Baseline pain analyses
We first analyzed the demographic, previous medical history and mental health correlates of baseline total pelvic pain. Greater pain at study entry was associated with younger age (P = 0.02), less education (P = 0.01), more previous pelvic surgeries (P = 0.05), past PT treatment (P = 0.03) and coping with pain by catastrophizing (P < 0.001). Specifically, further analysis showed that those 30 years or younger, those having less than a college degree, those having three or more pelvic surgeries and those who cope via severe catastrophizing had the worst pain at baseline. These predictors accounted for ~35% of the variance in baseline pain scores. Catastrophizing alone in these models explained 21% of the variance in pain scores, with those coping by severe catastrophizing having about a 9-point higher pain score (range 0–45) than those who cope by mild catastrophizing. Since the mental health (SF-12) and catastrophizing measures were highly correlated (r = −0.53; P < 0.001), they could not be in the statistical model simultaneously due to co-linearity. Good mental health (i.e. high SF-12 mental health score) was also associated with less pain at baseline when catastrophizing was not included in the model (β = −0.25; P < 0.001).
Pain at 1 year
Controlling for baseline pain, we examined the demographic, medical history, mental health and interval treatments predicting pelvic pain at 1 year (Table ).
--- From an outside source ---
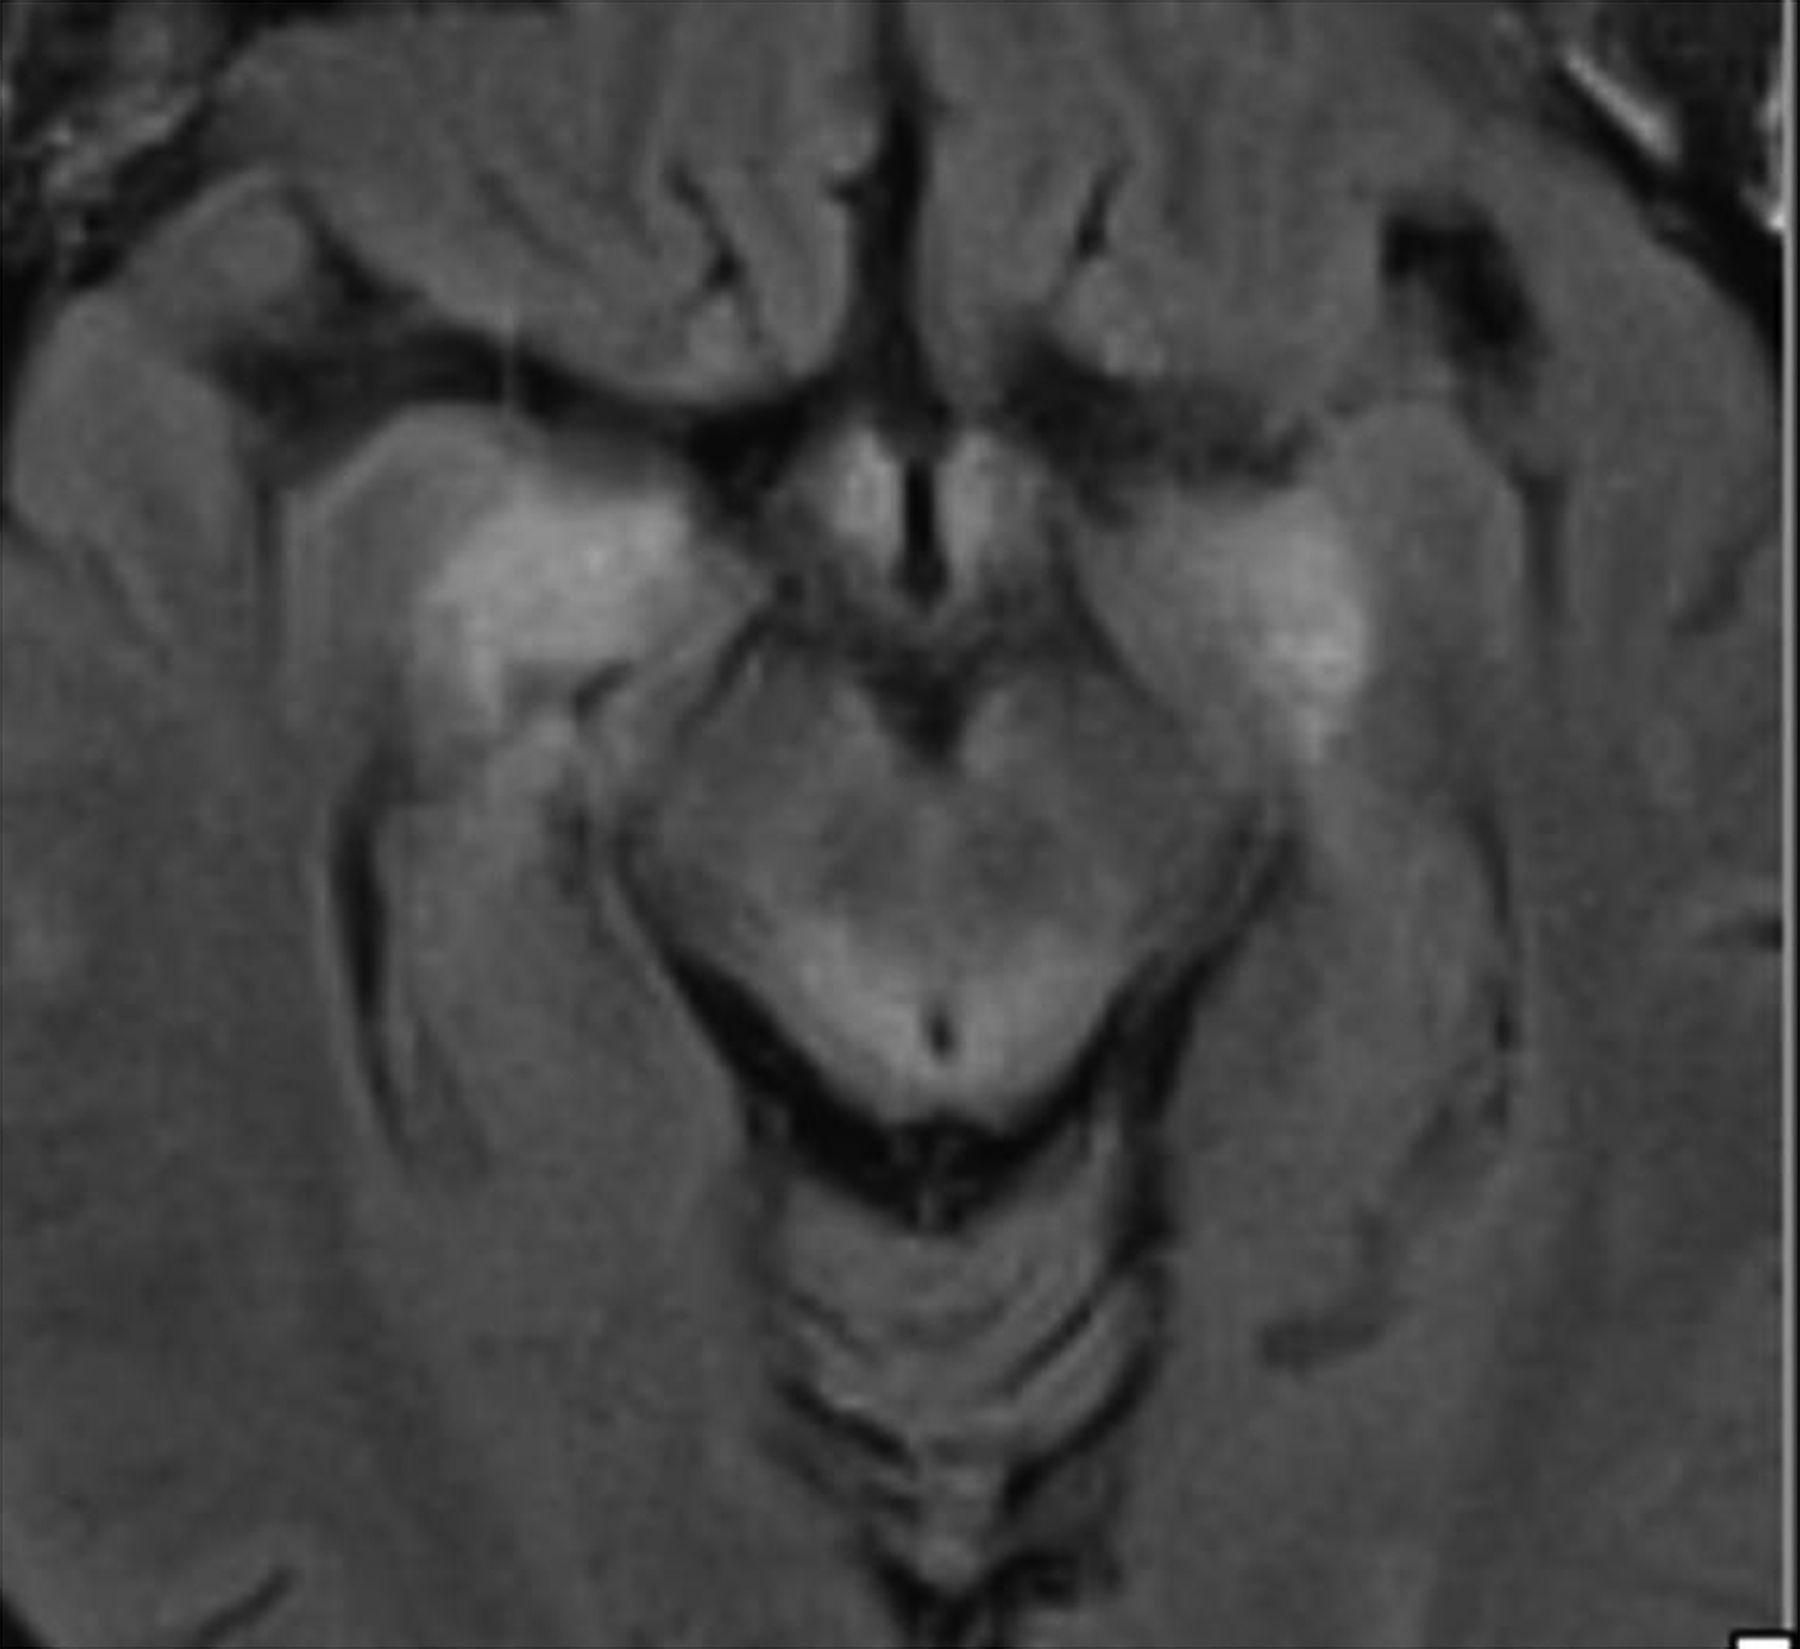 Midbrain encephalitis associated with neoplasia | Practical

Those who had higher pain scores at 1 year after controlling for entry pain were nulliparous (P = 0.002), less likely to have a hysterectomy during the follow-up period (P = 0.008), more likely to receive PT during the follow-up (P = 0.04), slightly more likely to be less educated (P = 0.07) and more likely to cope via catastrophizing at study entry (P = 0.04). Having a hysterectomy explained ~8% of the variance in pain at 1 year, after controlling for baseline pain. Of the 13 people who had a hysterectomy during follow-up, only one reported follow-up pain above the median pain score for the entire cohort, compared with 59% of those who did not have this surgery.
The predictors of pain at 1 year did not change when we excluded those subjects who entered the study with a previous hysterectomy. Specifically, the standardized parameter estimate and significance (β = −0.287; P = 0.01) for the effect of interim hysterectomy were still notable when those with a prior hysterectomy were excluded from the analyses, compared with the results for the entire cohort shown in Table .
Catastrophizing was a significant predictor of pain at 1 year, explaining 3% of the variance in pain outcomes. At baseline, however, catastrophizing accounted for 21% of the variance in pain levels. This seemingly unexpected observation is attributable to the inclusion of baseline pain in the 1 year statistical model. Since baseline pain explained a large portion of the variance (41%) in 1 year pain outcomes, not much variance was left to be accounted for by catastrophizing despite its significant association with 1 year pain levels. Changes in pain scores within and between catastrophizing groups (mild, moderate, severe) are shown in Fig. . Although all groups tended to decrease in their pain scores, those who exhibited severe catastrophizing at baseline started and ended the study with higher pain levels. Only those with mild (P < 0.001) and moderate (P < 0.001) levels of catastrophizing showed significant pain improvement at 1 year.